By Samantha Plesser 

Rasheed Ogunlara said once, “How you look at it is pretty much how you'll see it.” There’s a new trend in counter-terrorism that advocates deradicalization. It seeks to “re-educate” violent jihadists so that they, in time, can resume a productive and useful role in society. 

Originally lauded for presenting a new and humane way to combat terrorism through reintroducing lost youth back into society, questions have now arisen as to the effectiveness of these deradicalization camps. There is still much uncertainty over just how effective these facilities are and, more importantly, the degree of transparency of the governments who ran these facilities in releasing information about the successes of their programs.

Even in the 21st century, “re-education camps” are not a new idea.

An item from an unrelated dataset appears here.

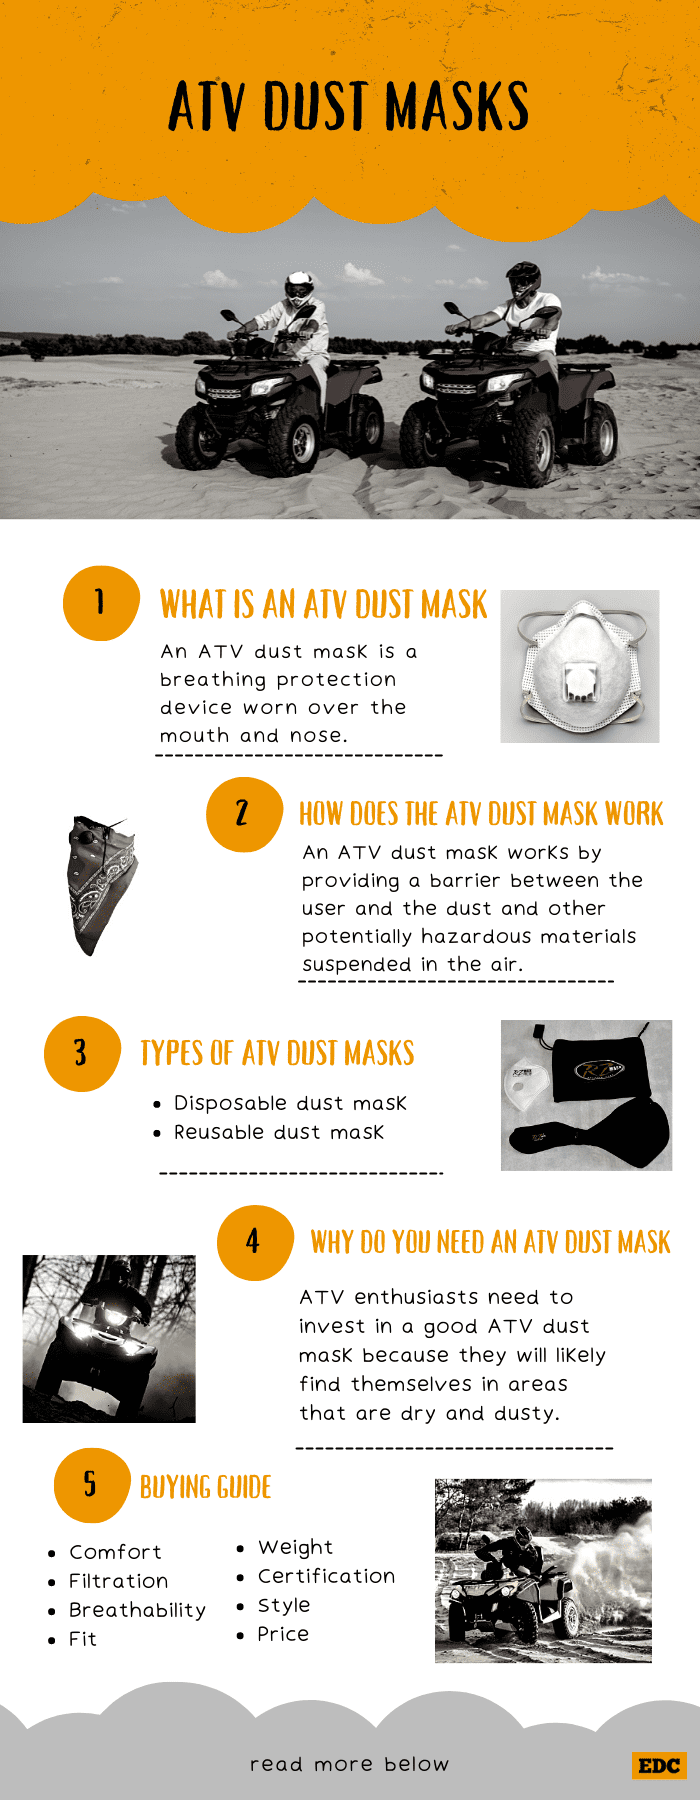 atv-dust-masks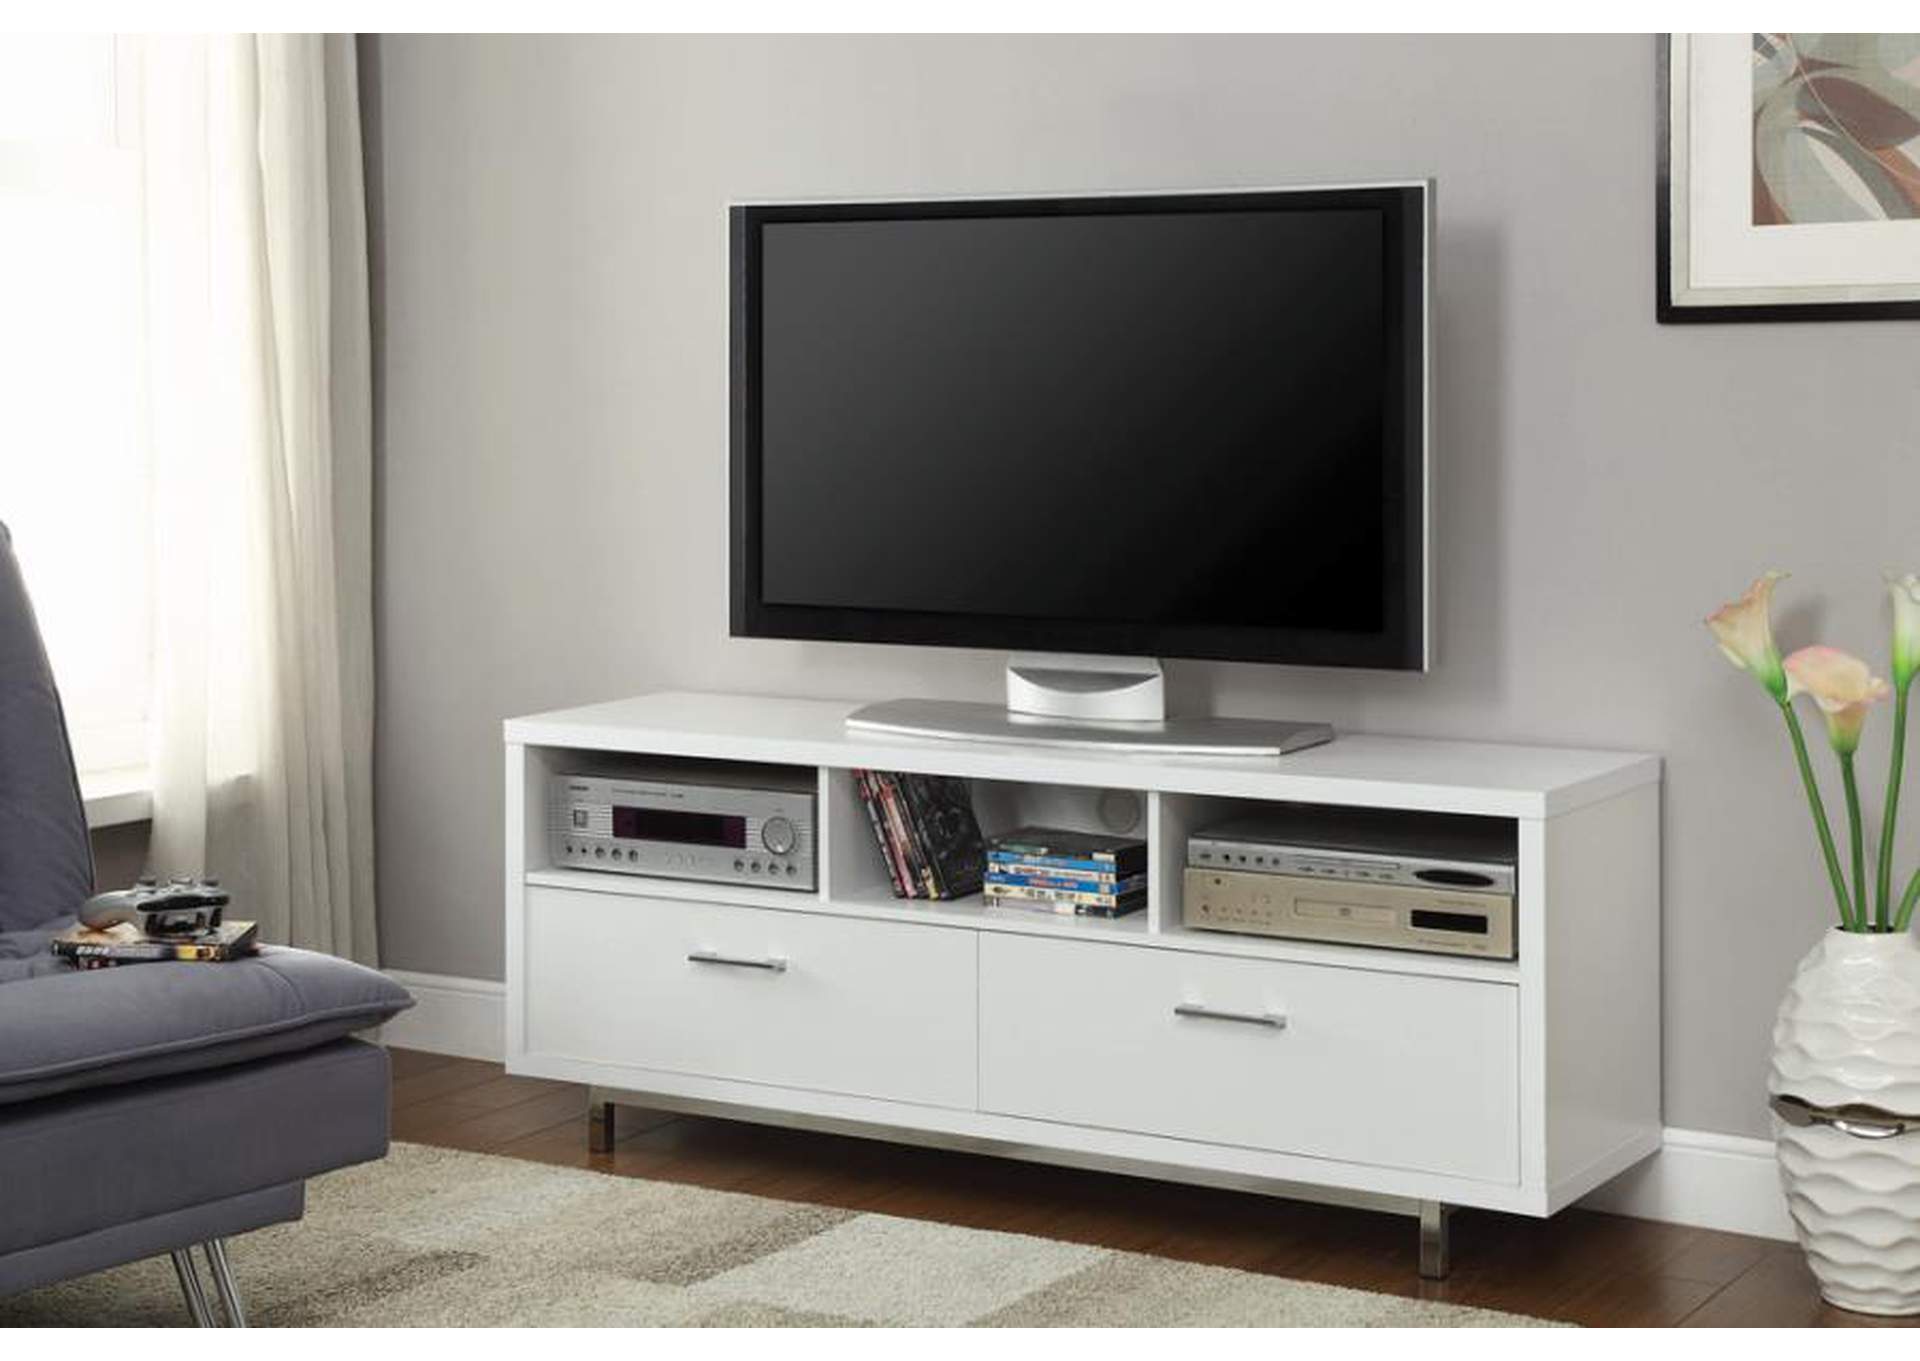 2-drawer Rectangular TV Console White,Coaster Furniture

In fact, the term arguably first appeared as a euphemism for mass prison camps operated by the Peoples Republic of China after the Vietnam War to both repress and indoctrinate citizens of China and war criminals to the ways of the Communist Party. These camps were actually labor and death camps and not really designed to “re-educate” those who were trapped inside.

The re-education of a terrorist, however, involves more than torturing a person into simply agreeing not to commit any violent acts. The minute he is let loose, he will revert back to his old ways, angrier now with the establishment that sought to “correct” behavior than he was before.

Deradicalization involves a real change in values—internalizing the understanding that, if terrorist acts are motivated by religion, one’s spiritual beliefs should not call for violence against others. These goals might seem impossible; however, the average Islamic terrorist does not always join a terrorist organization because he is a religious zealot. Many are young people who are disenfranchised, prejudiced by a system that has treated them poorly, and in desperate need to feel empowered by being part of a larger movement.

In other words, most Islamic terrorists are not experts on religious doctrine. This leaves open an opportunity to reteach young people that Islam and violence are not compatible and, in doing so, that violence is not the way to a better life.

Deradicalization in this context, while still experimental, is seen by many as far more productive than the alternatives. Since 2007, many areas in the Middle East and Europe have been experimenting with various types of “re-education” centers focusing on disassociating religion with violence in the hopes that such a tactic might work.

The first deradicalization center started in Egypt back in 1997. The country began allowing imprisoned members of a violent offshoot of an Islamic Group of the Muslim Brotherhood to meet safely and reevaluate their core ideology, hoping that it might renounce violence as a tenant. That year, leaders of the group and Islamic scholars released Tasha al-Magahi (“Corrections of Concepts”), stating that Islam does not permit the killing of civilians and that Al Qaeda was a dangerous organization. The group was also allowed—within the confines of prison walls, of course—to meet together with other Islamic leaders.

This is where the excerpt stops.